Sanctus Reach

Home > Other > Sanctus Reach > Page 19


  Frikk in Trouble

  Night fell.

  Battle retreated further from the Wrath of Gork. Artillery fire rumbled no louder than distant summer thunder. The howling of the boyz was the pounding of a faraway sea upon the shore. Sinister warbles and crackles split the gathering dark, the discharge of ork energy weapons made close by tricks of the atmosphere. The gretchin and Deathskulls combing the battlefield looked up at the flashes in the sky when this happened, before going back to their looting. Injured orks who still had not been seen by the doks shouted angrily. The doks took their time. Floodlights marked where they worked. When done, they dished out their version of post-operative care, haggling over the price. Their lisping negotiations were usually brief, giving way to the crunch of pliers ripping out teeth. Screams of discovered humans still came and went, although only rarely. Most had already been tormented and eaten.

  The oddboyz were out in force. Runtherds marshalled huge mobs of industrious grots. Surgery tents sprang up around the Wrath of Gork, and to the southern end of the ship the mekboyz had begun work on their own settlement, a massive pile of salvage rising rapidly next to it. Loud arguments, some punctuated by gunfire, drifted on the wind from the direction of Gork’s Fist. Already the superstructure was covered in blazing arc lamps. The blue tongues of welding torches stabbed at the gargant in multiple places. Whether the meks were repairing it or cutting it up was hard to tell from that distance, but knowing orks, the likelihood was that different mekmobs were doing both simultaneously.

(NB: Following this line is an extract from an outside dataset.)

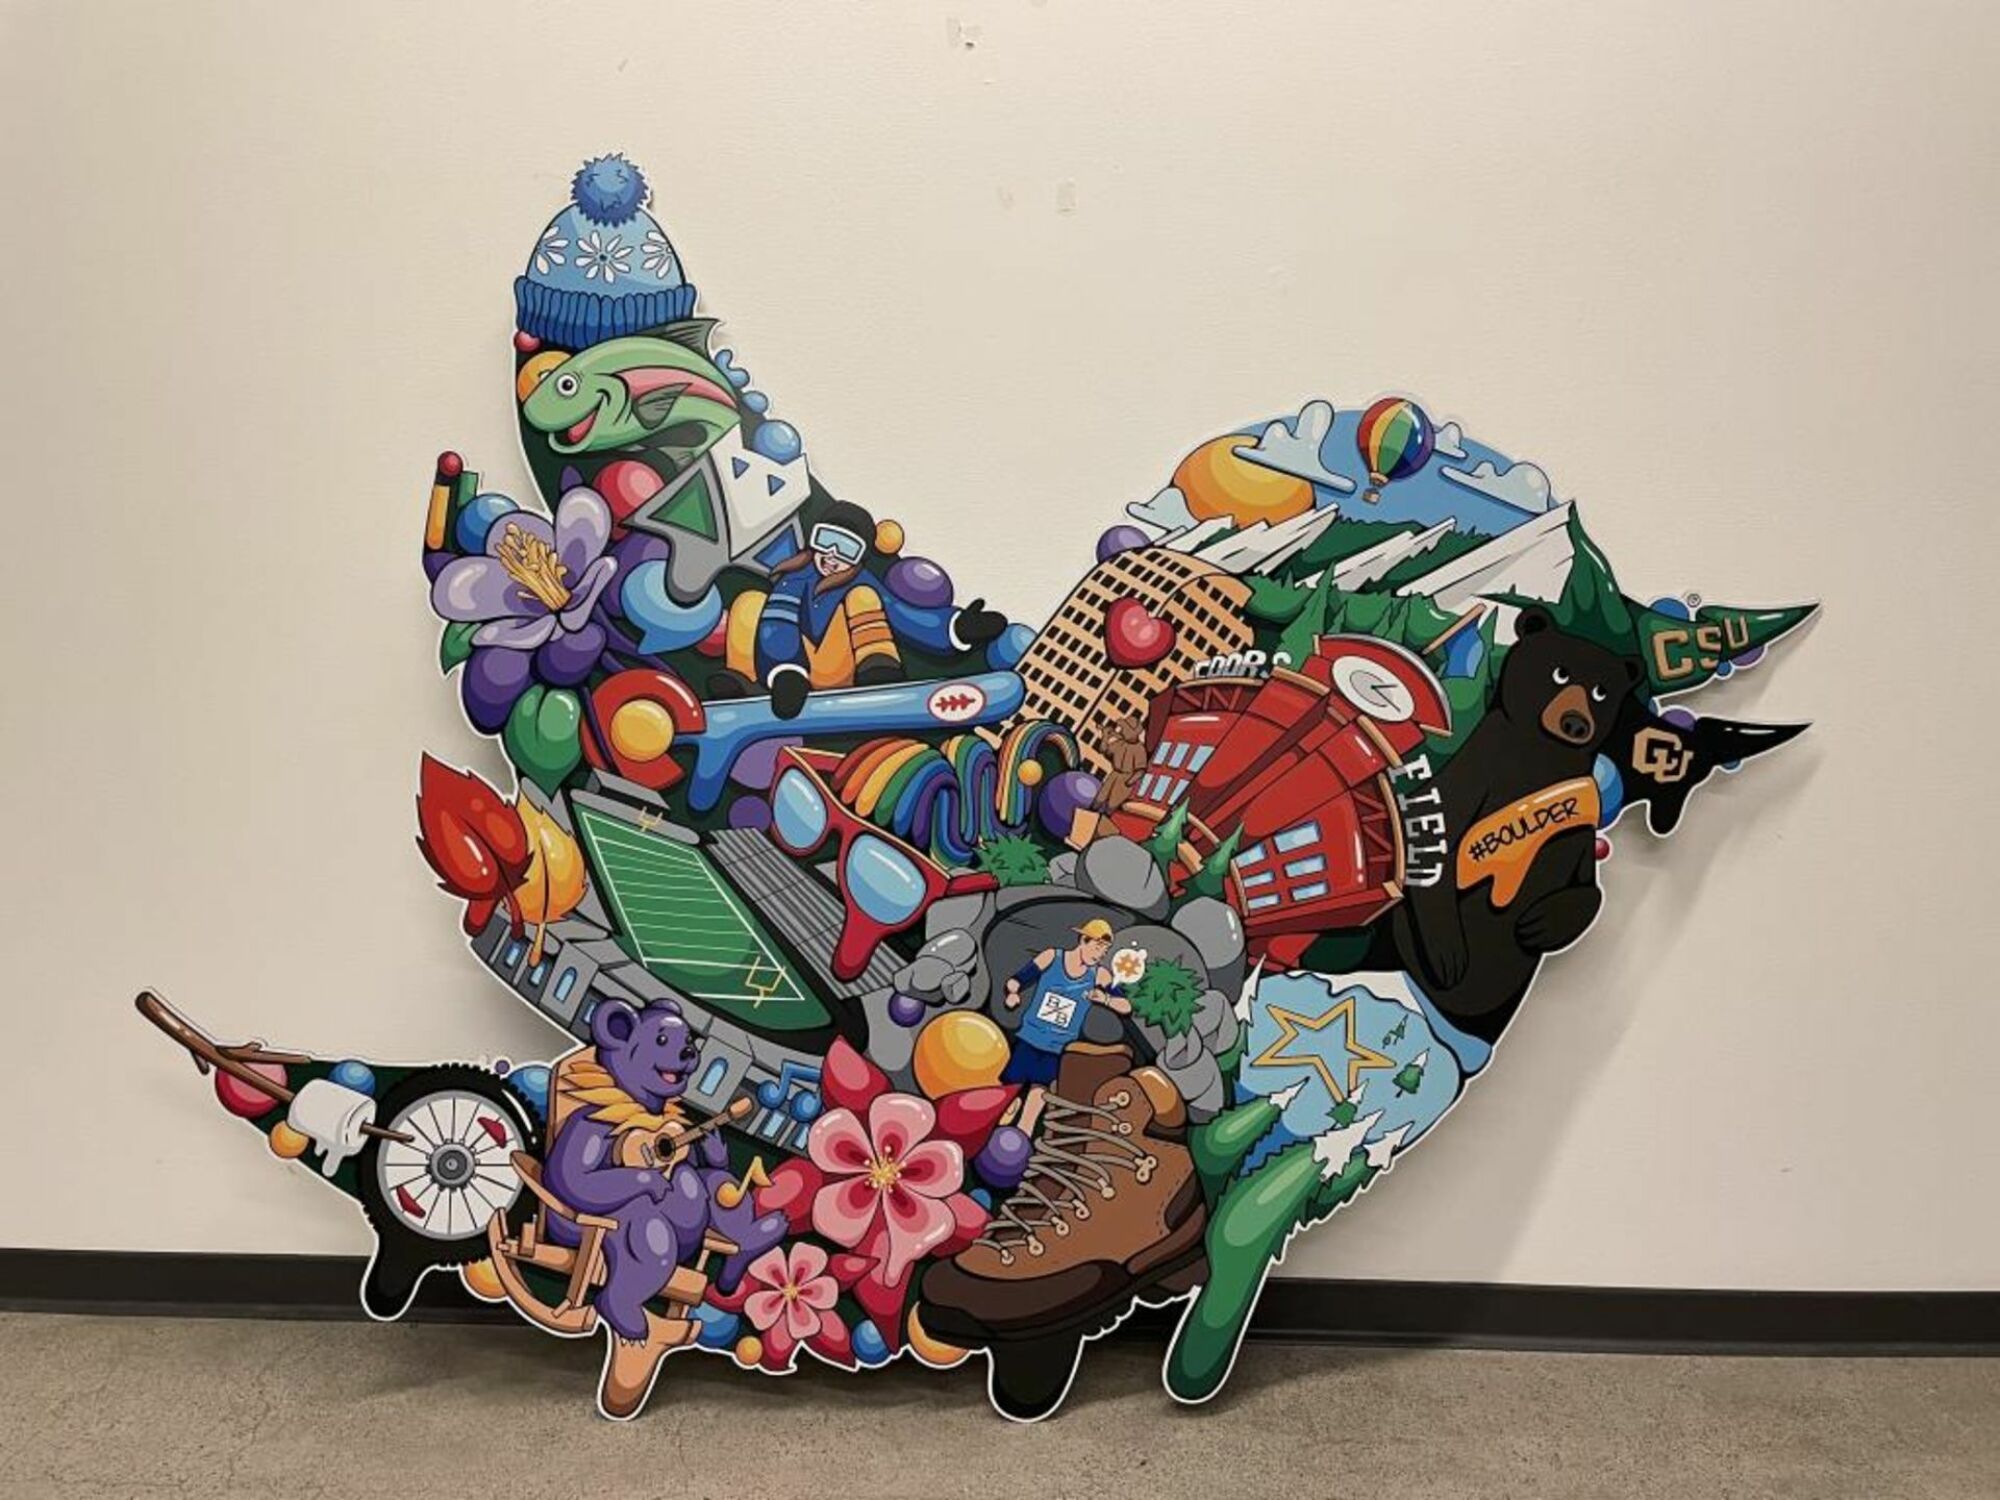 A colorful collage in the shape of the Twitter bird logo.

  Snikgob was still out and about, scavenging from human and ork alike. Uggrim and Bozgat were arguing over the best way to dismember the humie walker and get all the good gubbins out. Now it was dark, the Red Sunz’ grot fixers patrolled a wide cordon around this valuable piece of plunder, beating the slaves of rival mekmobs when they got too close.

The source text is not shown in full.